The formula Z = W^{[l]} \cdot A^{[l-1]} + b^{[l]} where all the inputs are matrices or vectors is the definition of a linear transformation. Of course softmax is not a linear function, so the full result mapping from either the inputs or just the last layer plus the activation are not linear functions.
Please help us by clarifying what more you want to prove here.
Oh it seems like I misunderstood something.
But I mean, look at the figures, why are those sections linearly divided?
Sorry, I will have to watch that lecture again to reconstruct what those examples are about. It may be tomorrow before I have time to do that. But anything you can graph in 2D like that is a pretty simplistic example.
Ok, it’s simple. As he explained in the lecture, those examples are the simplest possible case: it’s not really a neural network. It’s like Logistic Regression with only one layer, but with a softmax activation instead of sigmoid. So the inputs are points in the plane with coordinates (x_1, x_2) and the outputs are a softmax vector computed by taking:
z = W \cdot x + b
\hat{y} = softmax(z)
So let’s suppose that C = 4, meaning that we have 4 possible output “classes” to recognize. So that means each vector x is a 2 x 1 vector and W is a 4 x 2 matrix and b is a 4 x 1 column vector. Both z and \hat{y} will be 4 x 1 column vectors for the case of a processing a single input.

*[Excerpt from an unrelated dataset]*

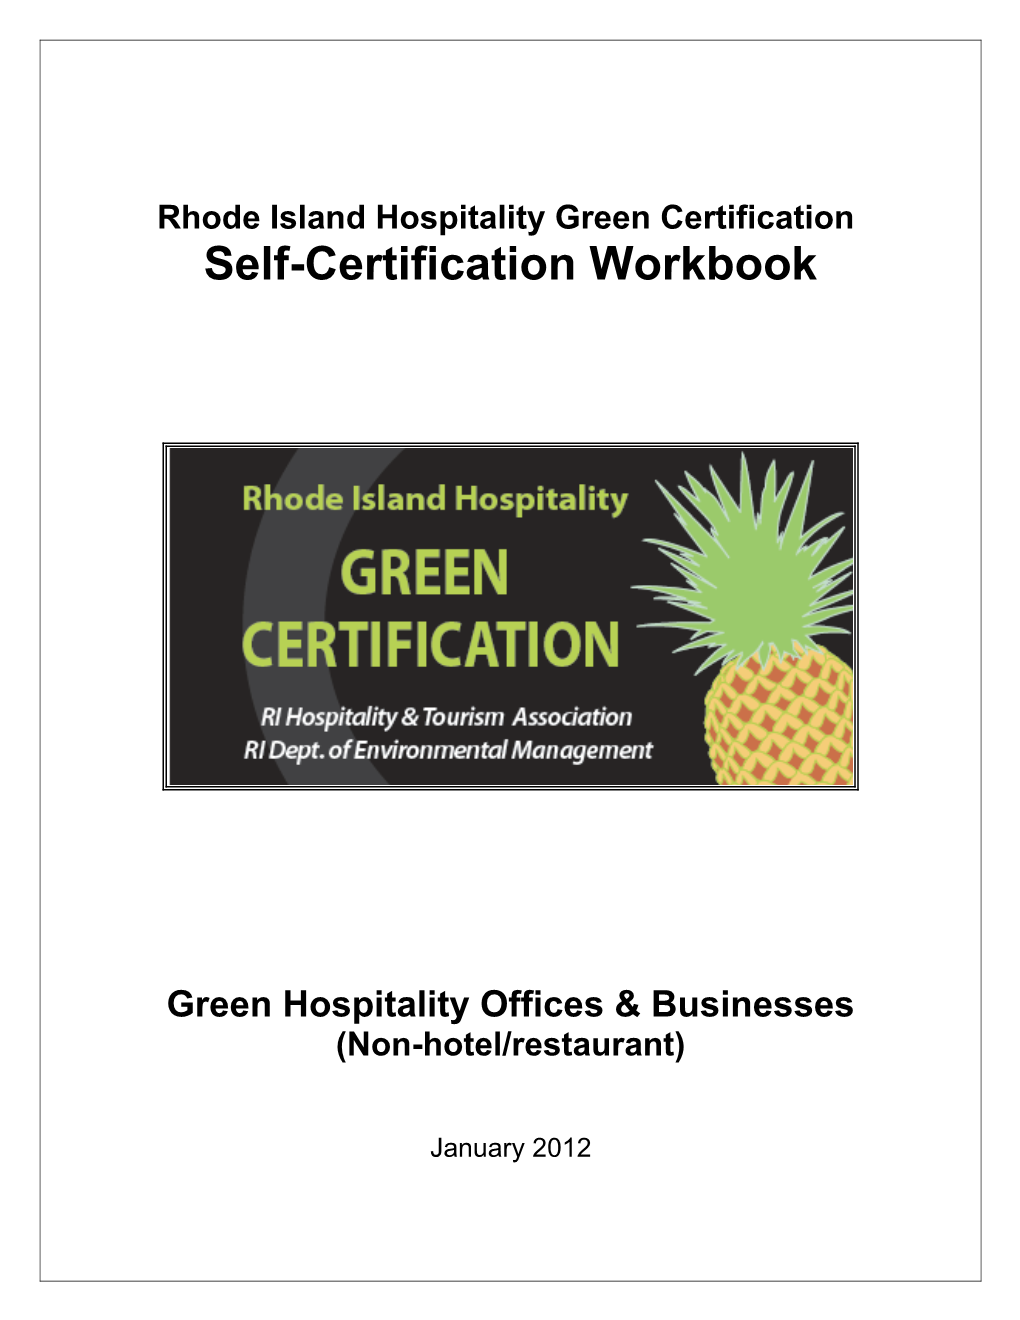 RI Green Hotel & Lodging Certification Workbook

Now think about what those lines mean in the graphs: they are the “decision boundaries” between two possible predicted classes. Let’s say it’s between class 1 and class 2. Then that line is the set of points (x_1, x_2) for which the \hat{y}_1 and \hat{y}_2 values are equal. But note that if the softmax values are equal, that means the input z values are equal, because softmax is strictly monotonic. That means that they are the points which satisfy the following equation:
w_{11} * x_1 + w_{12} * x_2 + b_{11} = w_{21} * x_1 + w_{22} * x_2 + b_{21}
What I’ve done there is just write out the meaning of the matrix multiply followed by the addition of b.
Then if you simplify that by gathering like terms, you get this:
(w_{11} - w_{21} ) * x_1 + (w_{12} - w_{22}) * x_2 = b_{21} - b_{11}
Well, what is that? It’s the equation of a line in the plane, right?
Prof Ng mentions again at the very end that this is the simplest case. He explicitly points out that if you add more layers to create a real neural network to do this type of softmax classification, then the decision boundaries that can be represented are much more complex than linear functions.
1 Like
Maybe it’s worth also pointing out that this is just a generalization of the reason that Logistic Regression can only express a linear decision boundary, even in the case that the inputs are more than 2D vectors. In the Logistic Regression case, the output is a single number, rather than a vector as in the softmax case:
z = w \cdot x + b
\hat{y} = sigmoid(z)
It is making a prediction in the form of a probability between 0 and 1, so we interpret the prediction as “Yes” (It’s a cat) if \hat{y} > 0.5. So the decision boundary between “Yes” and “No” is expressed by this equation:
\hat{y} = 0.5
But we also know that sigmoid is strictly monotonic and sigmoid(0) = 0.5, so that equation is equivalent to:
z = 0
If you write that out, it becomes:
w \cdot x + b = 0
Or
\displaystyle \sum_{i = 1}^n w_i * x_i = - b
That is the equation of a plane (hyperplane) in the input space of all x vector values.
It’s a really good example. Thanks!